WHAT THE TASK REQUIRES: Everything from the line that contains "areal unsichtbarer lautsprecher" to the final line of the data, both ends included, must be set down exactly, apart from the pictures.

(DATA SEGMENT begins)

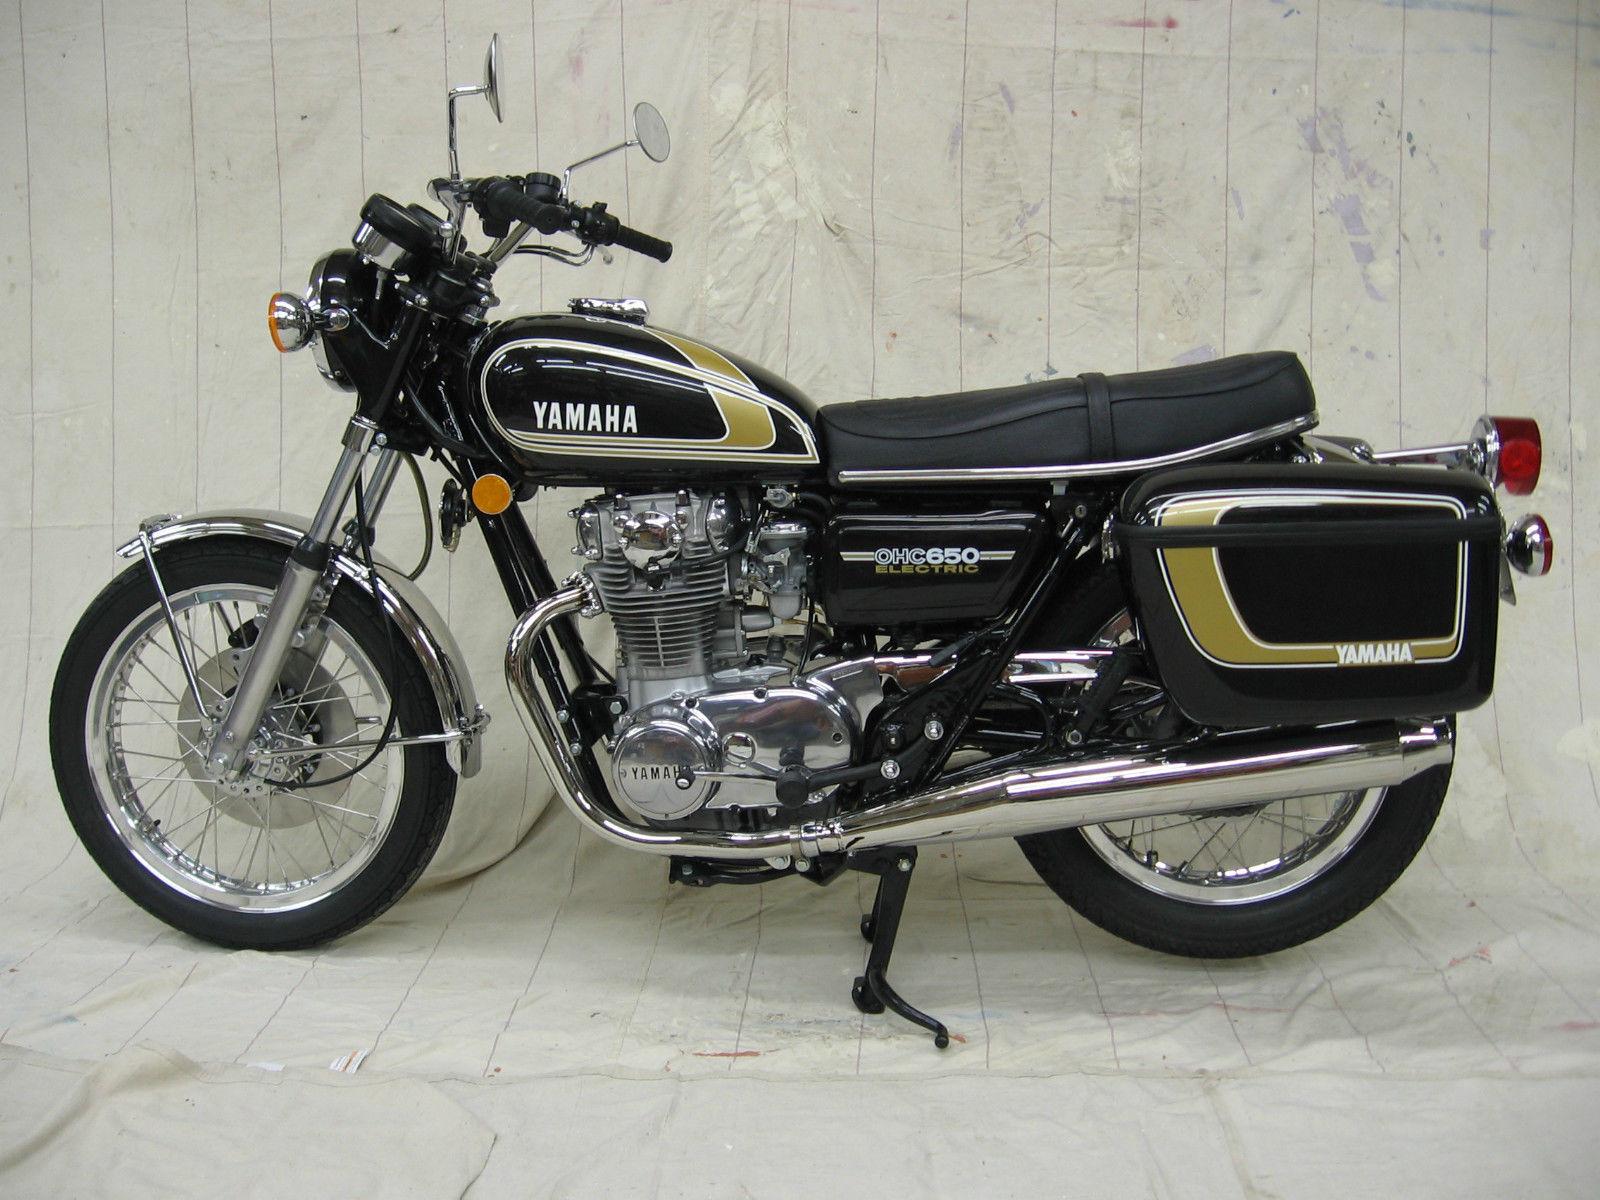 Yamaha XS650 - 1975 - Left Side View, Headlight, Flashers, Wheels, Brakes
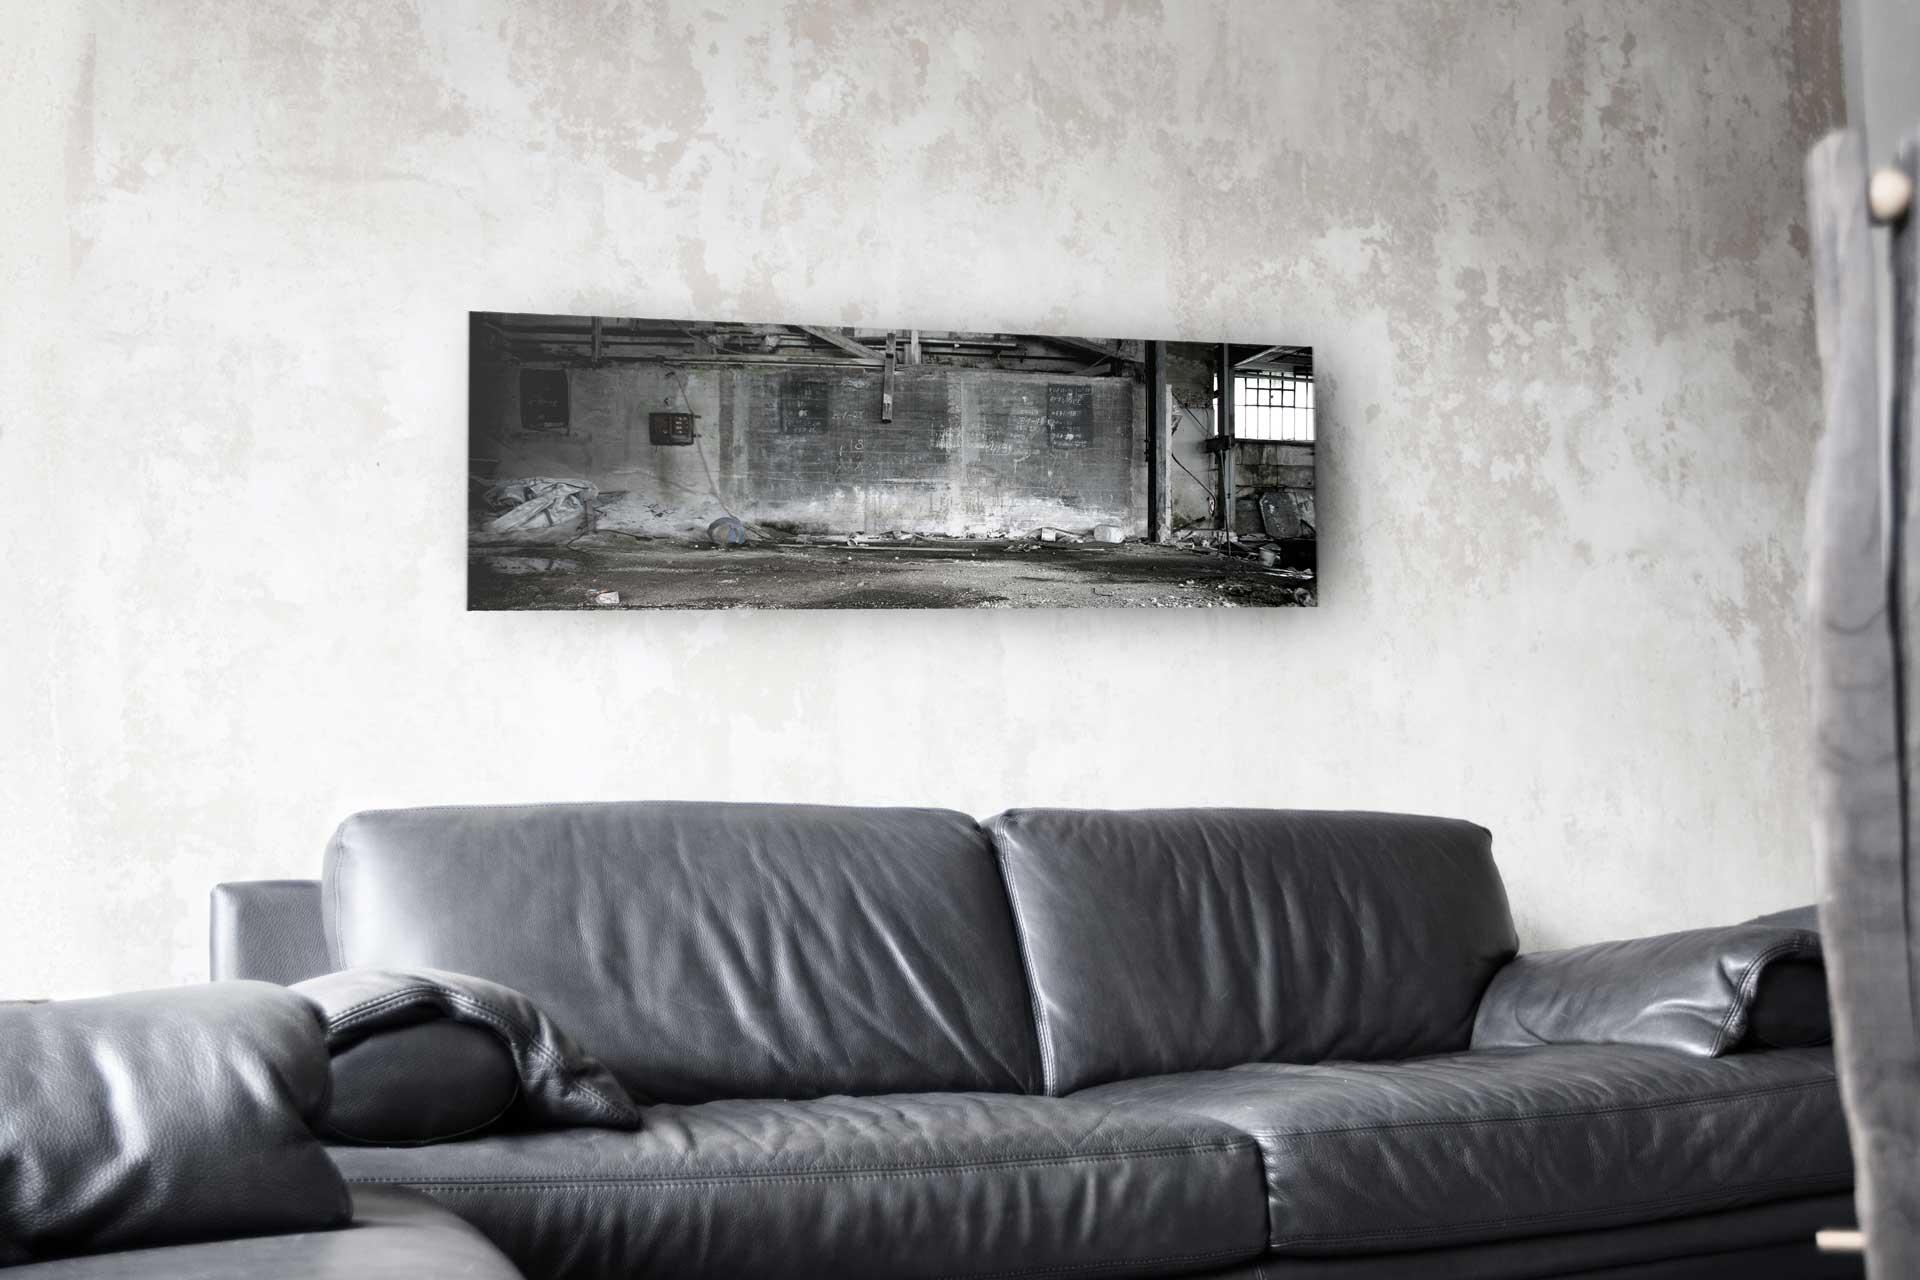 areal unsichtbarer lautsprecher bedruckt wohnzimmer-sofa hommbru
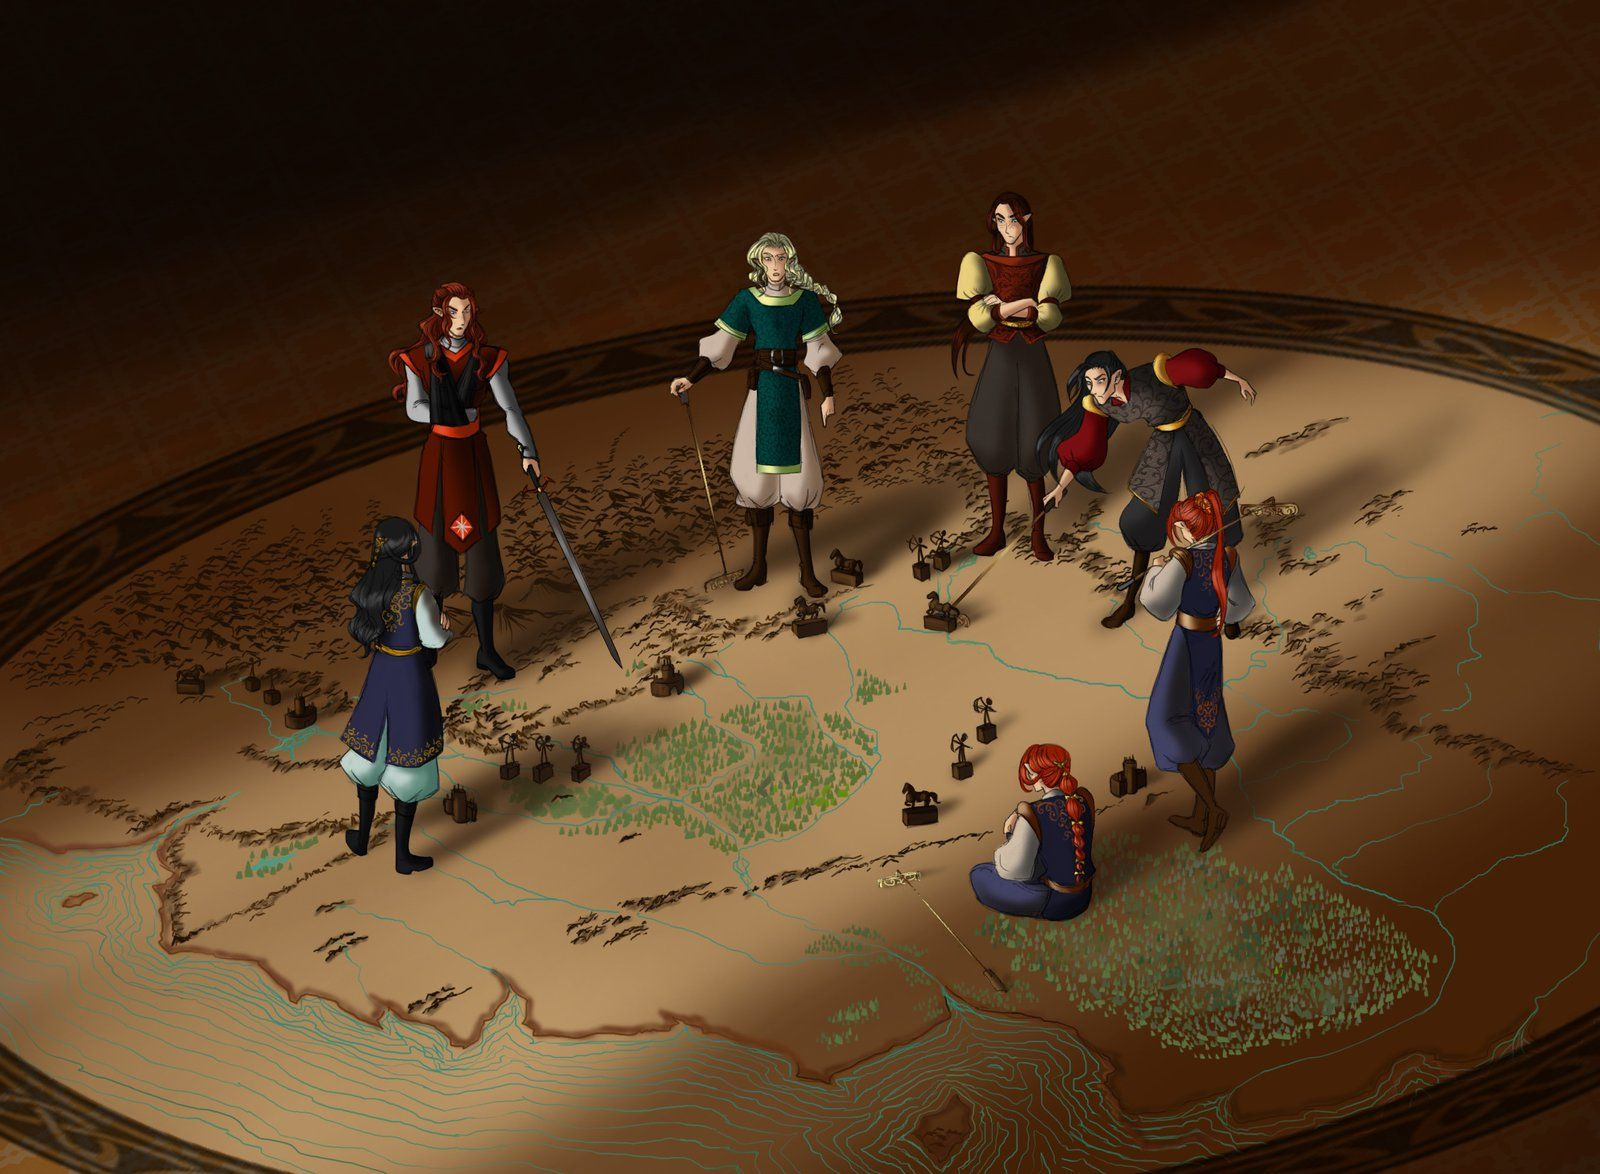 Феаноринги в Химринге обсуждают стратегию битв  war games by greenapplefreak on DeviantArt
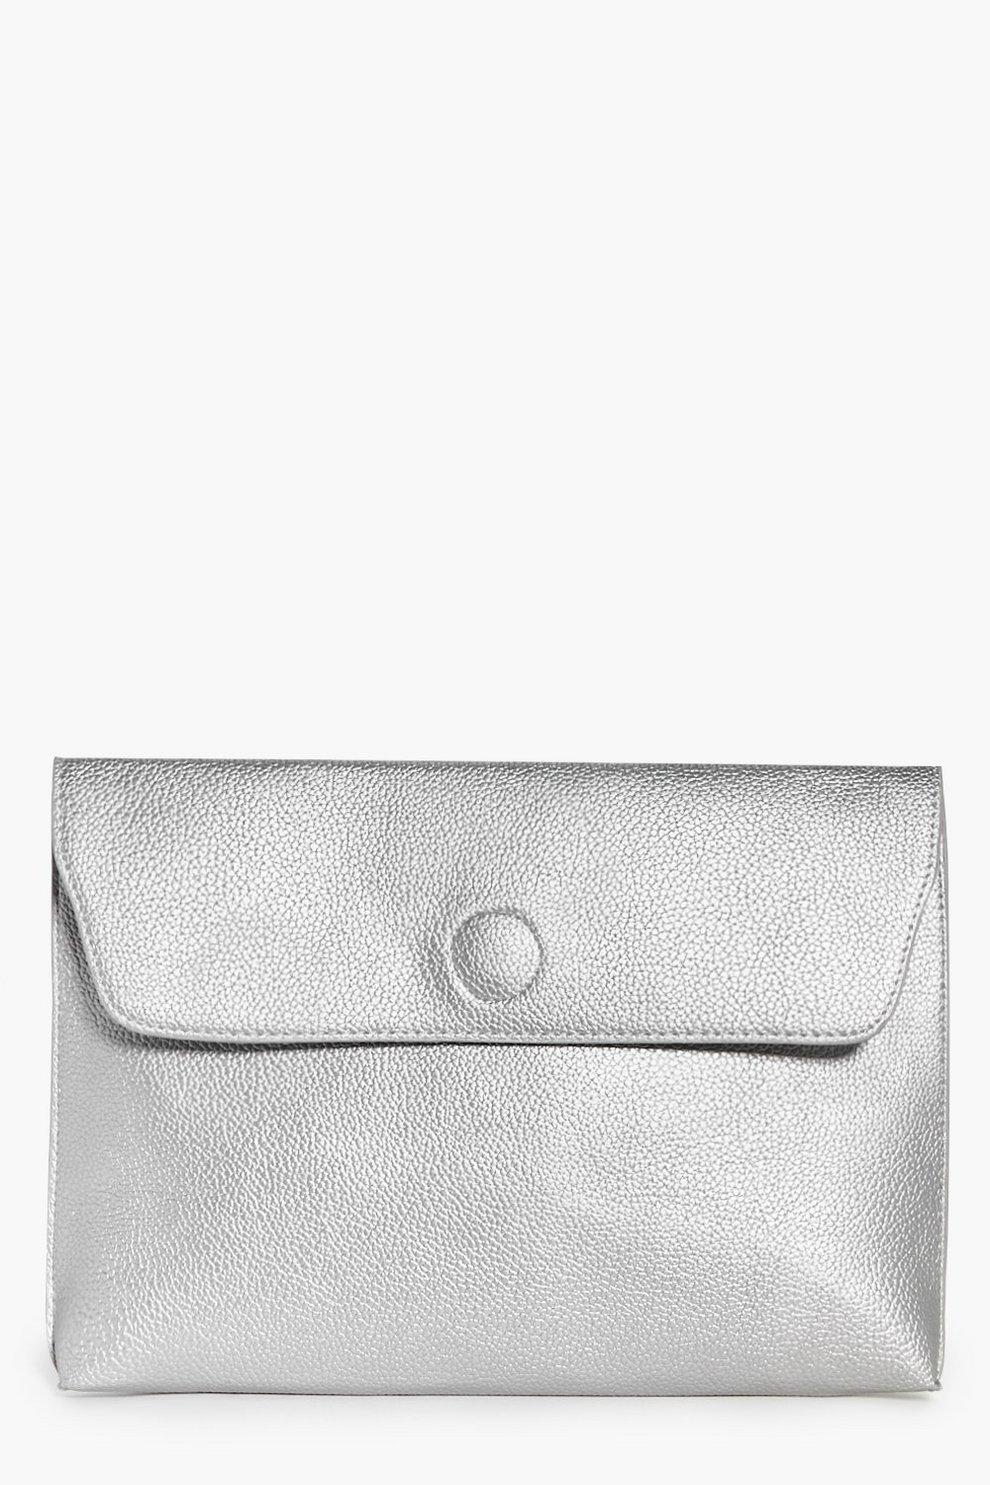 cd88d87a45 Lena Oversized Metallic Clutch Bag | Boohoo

(DATA SEGMENT ends)

OUTPUT FOR THIS EXERCISE:
 areal unsichtbarer lautsprecher bedruckt wohnzimmer-sofa hommbru
 Феаноринги в Химринге обсуждают стратегию битв  war games by greenapplefreak on DeviantArt
 cd88d87a45 Lena Oversized Metallic Clutch Bag | Boohoo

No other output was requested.